Deutschland gegen England 2010

Juni 24, 2010 0 Von admin

„It´s germ warfare“…titelte die Sun kurz nachdem feststand, dass Deutschland Achtefinalgegner der Engländer ist. Immer wieder packen die „Tommies“, wie sie hierzulande auch genannt werden, schmutzige Schlagzeilen aus, wenn es zum Aufeinandertreffen der zwei Rivalen kommt. Die Schlagzeilen sind nicht nur schmutzig, sie gehen oft unter die Gürtellinie, sind respektlos und sind alles andere als Satire.

Doch woher kommt diese Antipathie? Ist es der Neid, die Eifersucht, nicht verdaute Niederlagen oder der immer wiederkehrende sportliche deutsche Arschtritt? Wohl sowohl als auch, doch viel mehr liegt der Nährboden einige Generationen zurück. Der 1. Weltkrieg und viel mehr der 2. Weltkrieg hat dazu beigetragen, dass „wir“ die motherfucking Krauts sind. Ohne näher darauf eingehen zu wollen, doch wenn man die Geschichte kennt, dann ist es nachzuvollziehen, doch Verbrechen und Leid gab es auf beiden Seiten.

Sportlich hat sich die Rivalität bei und nach der WM 1966 entwickelt, als England seinen bisher einzigen World Cup gewinnen konnte. Gegner war die deutsche Nationalmannschaft, die aufgrund der Ereignisse einige Jahre zuvor nicht gern gesehen wurde. Es stand 2:2, als das bekannteste und umstrittenste Tor der Fußballgeschichte gefallen ist, das Wembley-Tor. Jedem ist die Geschichte bekannt, man muss nicht näher drauf eingehen. Die Engländer streiten bis heute ab, dass es eine Fehlentscheidung des Schiedsrichters war, auch wenn die modernen TV-Bilder das Gegenteil beweisen. Bis heute feiern die englischen Supporter den Erfolg hämisch in dem Song: „Two World Wars and One World Cup“…

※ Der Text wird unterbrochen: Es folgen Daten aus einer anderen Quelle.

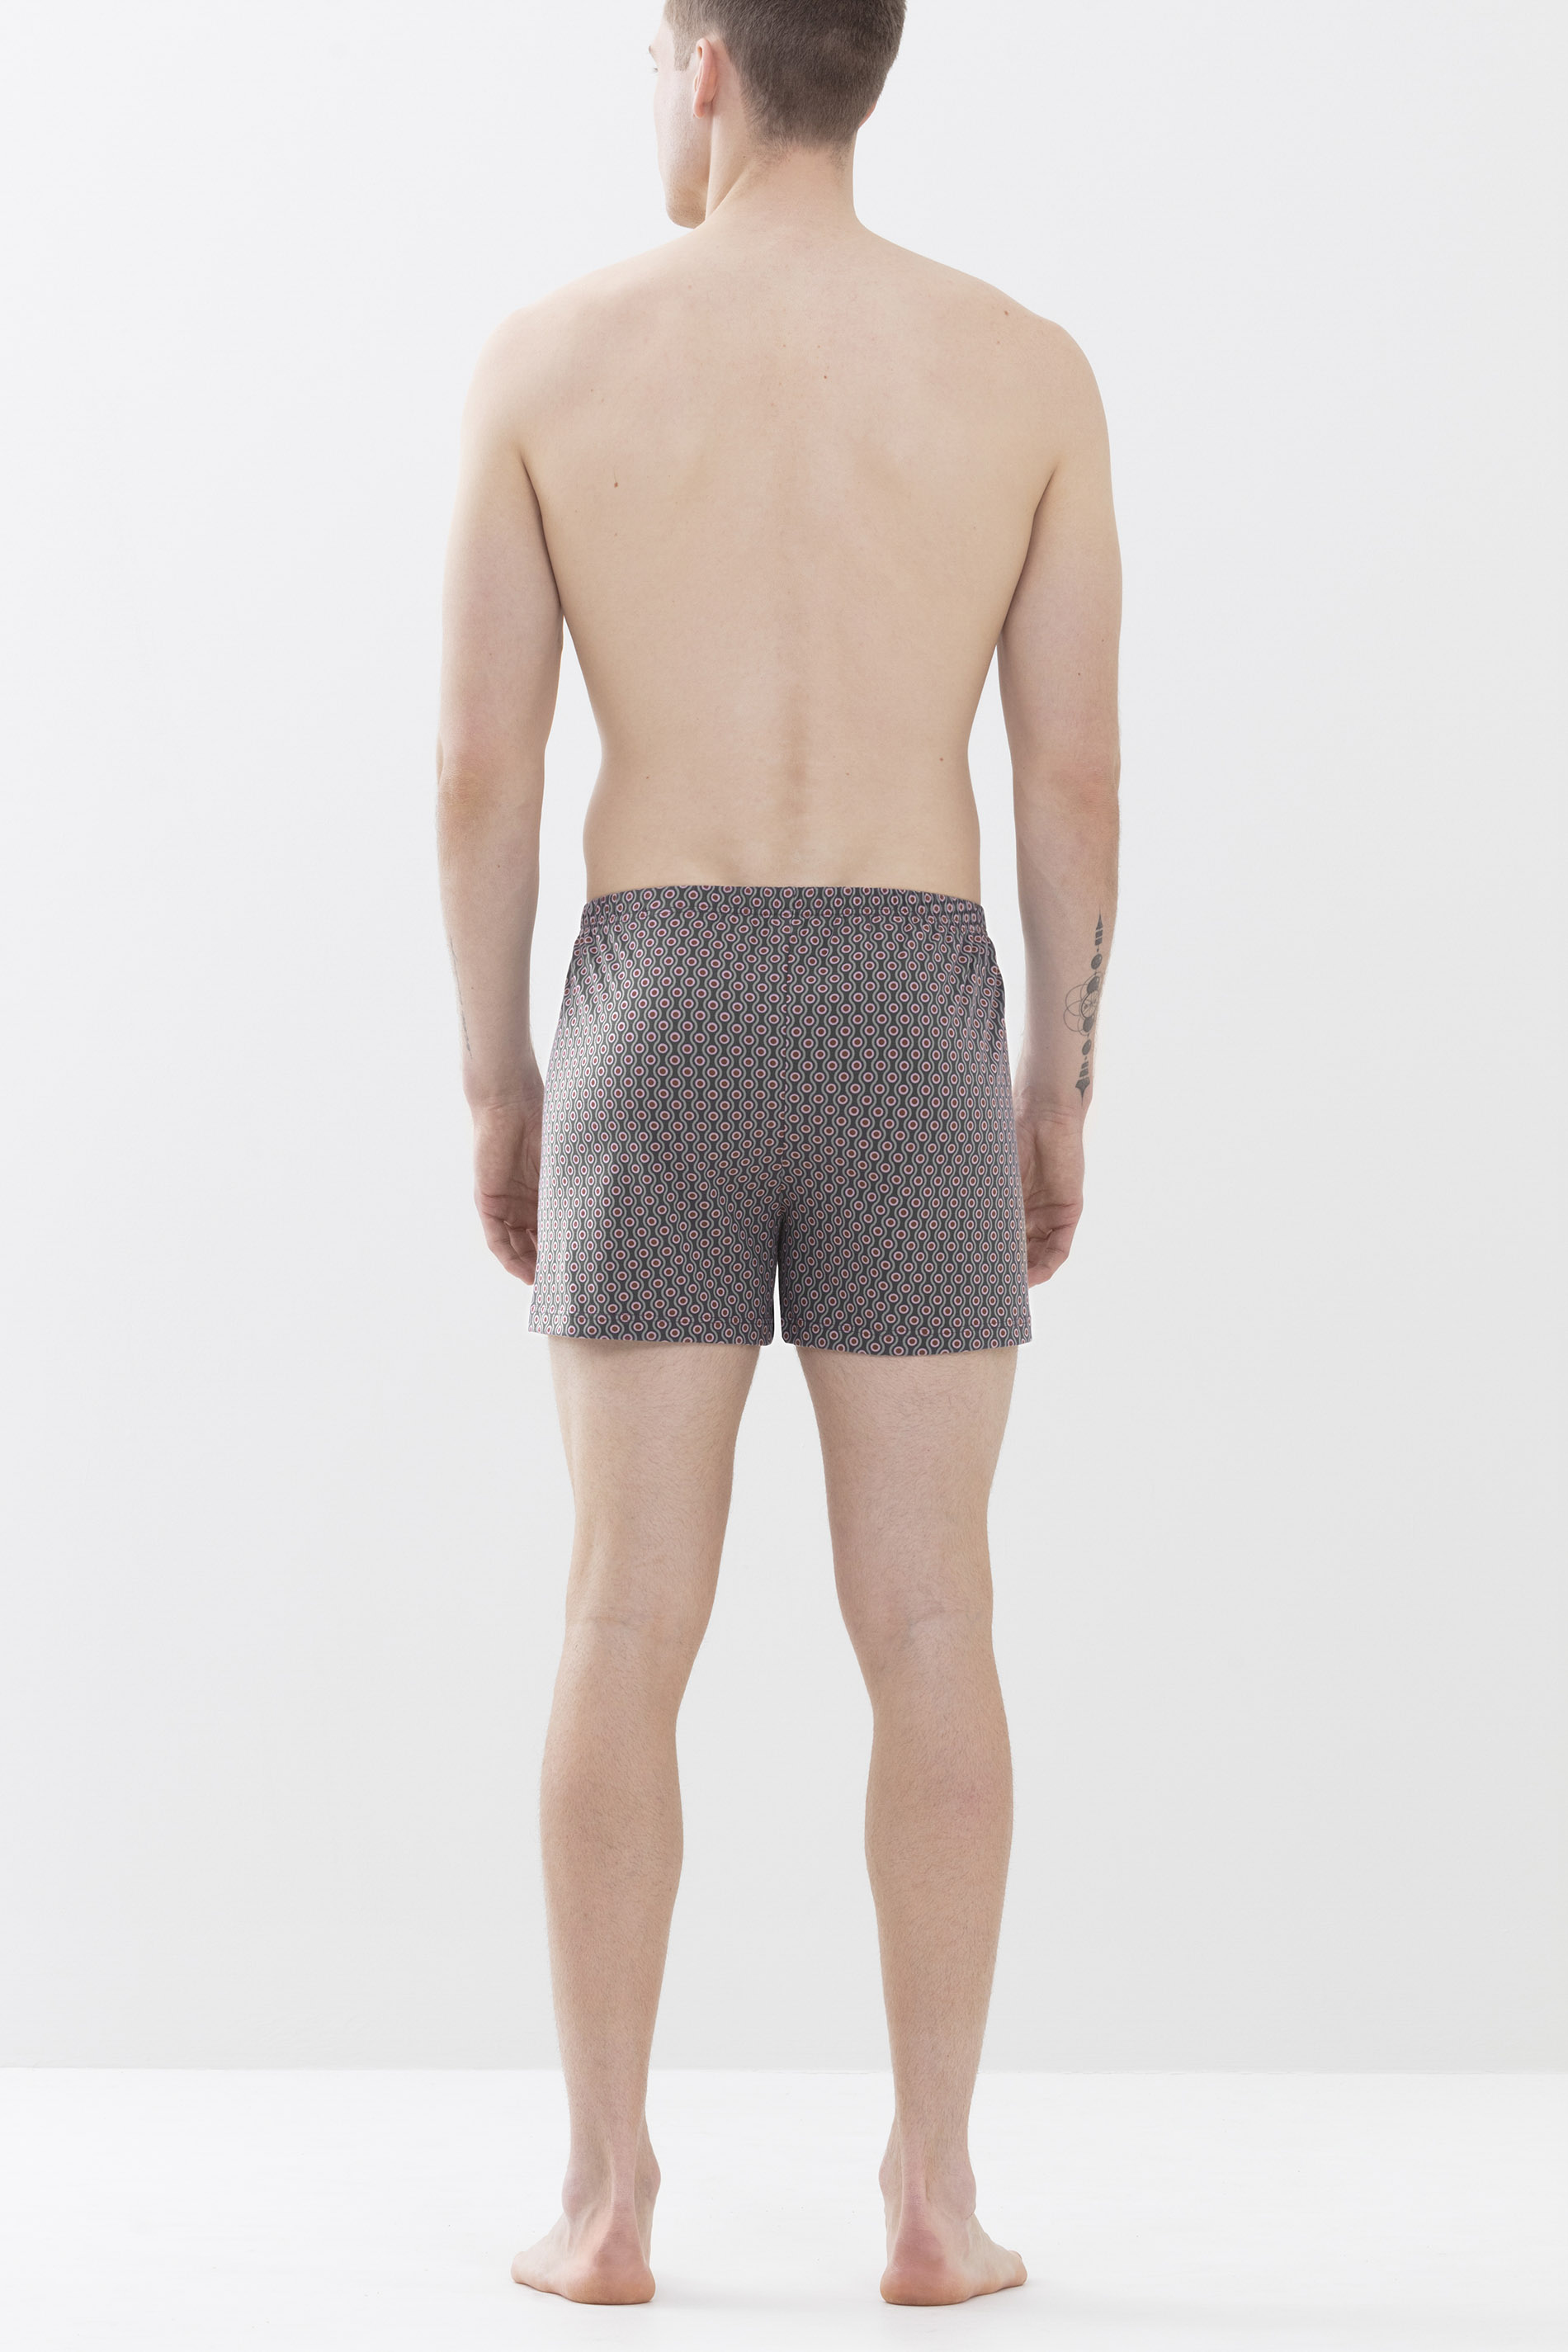 Boxer shorts Oxblood Serie 4 Col Dots Rear View | mey®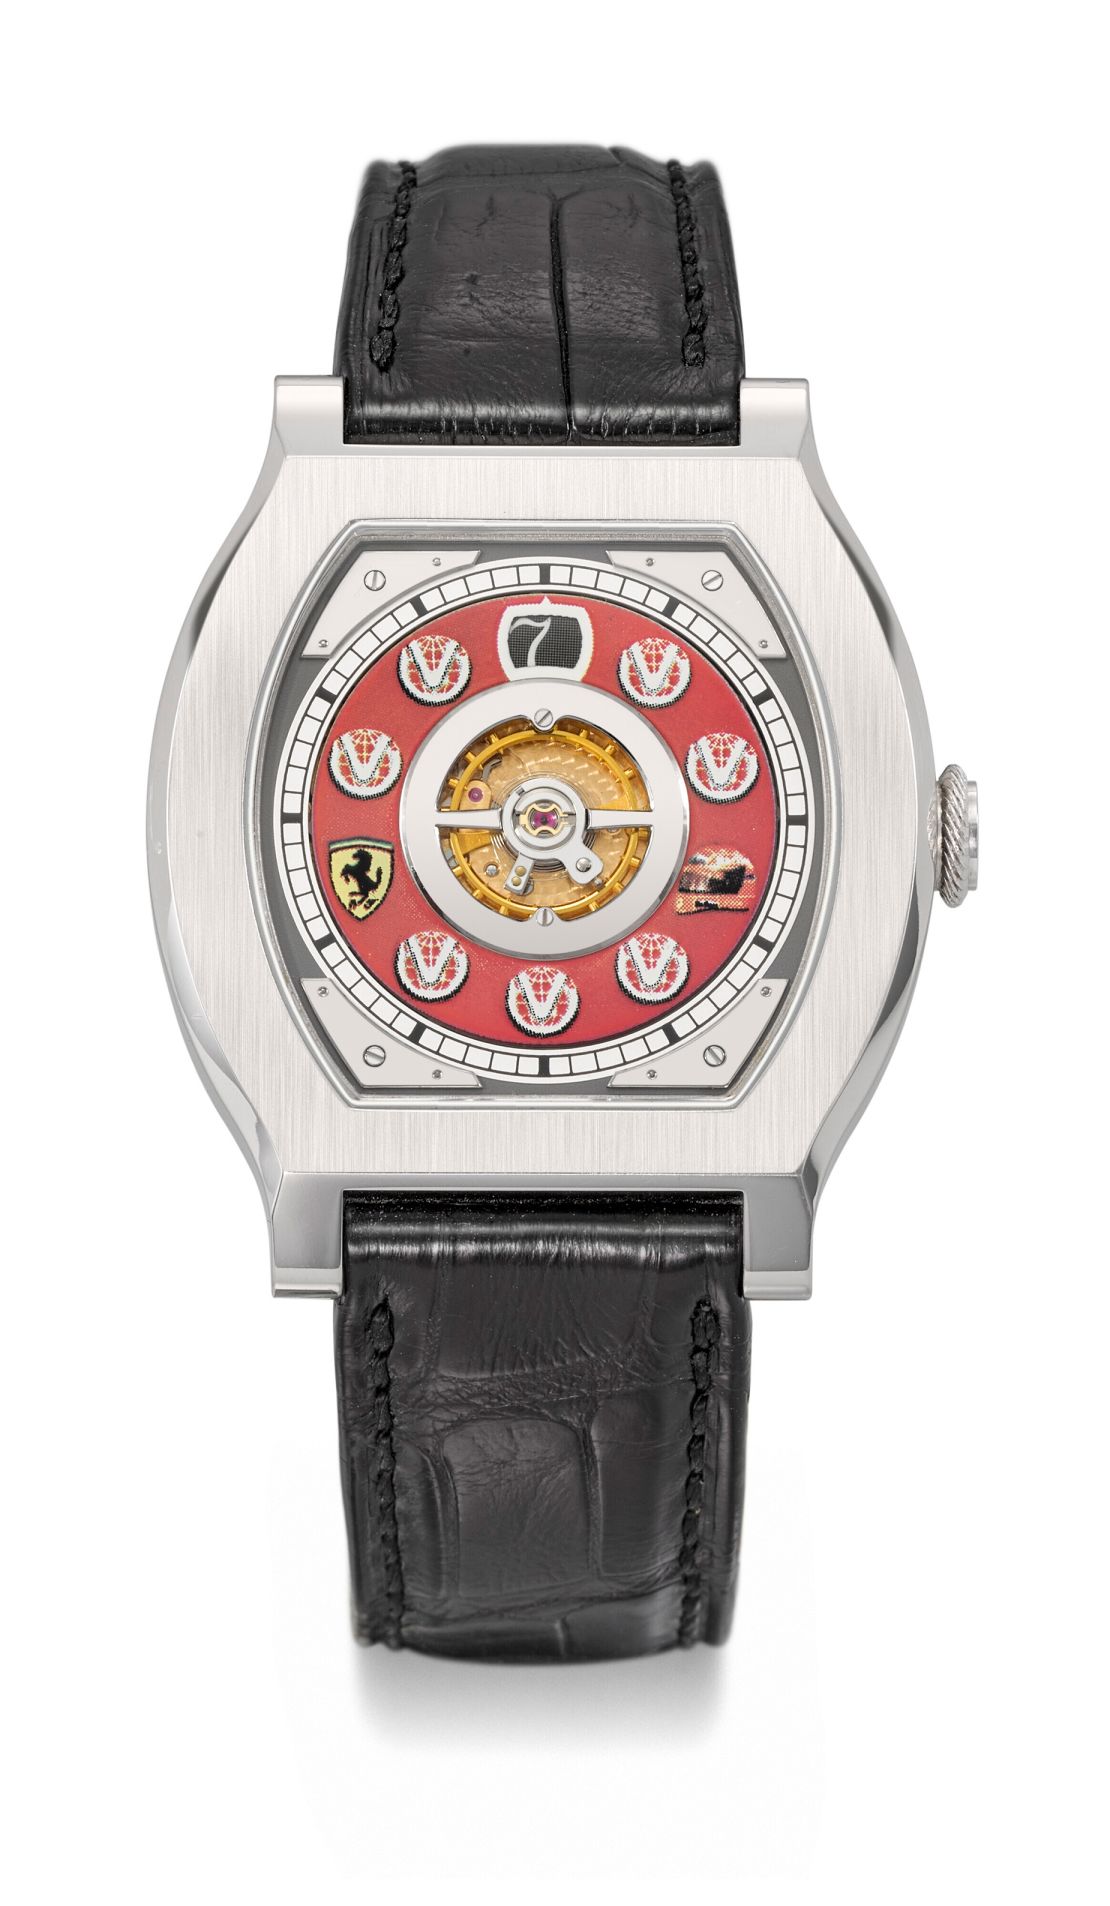 Legendary Formula 1 driver Michael Schumacher’s watch collection is ...

England redet es sich schön und blendet dabei aus, dass in den Folgejahren meist die deutsche Nationalmannschaft die Nase vorn hatte. 1970 schmiss der DFB die Three Lions im Viertelfinale mit 3:2 raus. 1990, bei dem dritten Titel der DFB-Elf, war im Halbfinale Endstation. Dramatisch war der Elfmeterkrimi, bei dem Deutschland mit 4:3 gewann, genau so dramatisch das Elfmeterschießen 1996, als man England im eigenen Land, ebenfalls im Halbfinale raus warf. Und wer holte den Cup? Richtig, Deutschland!

Von der 1:5 Niederlage 2001 in München redet man in Deutschland nicht gern, in England wird diese Demontage noch heute gefeiert.

Deutschland gegen England, das ist auf der einen Seite Krieg, auf der anderen Seite eine Rivalität, von der der Fußball und die Weltmeisterschaft lebt. Das sind die Momente, worauf man sich freut. Das Adrenalin und der Puls steigen, das Bier fließt, die Emotionen kochen und wäre die WM nicht in Südafrika, dann würden sicherlich auch wieder Tische und Stühle fliegen.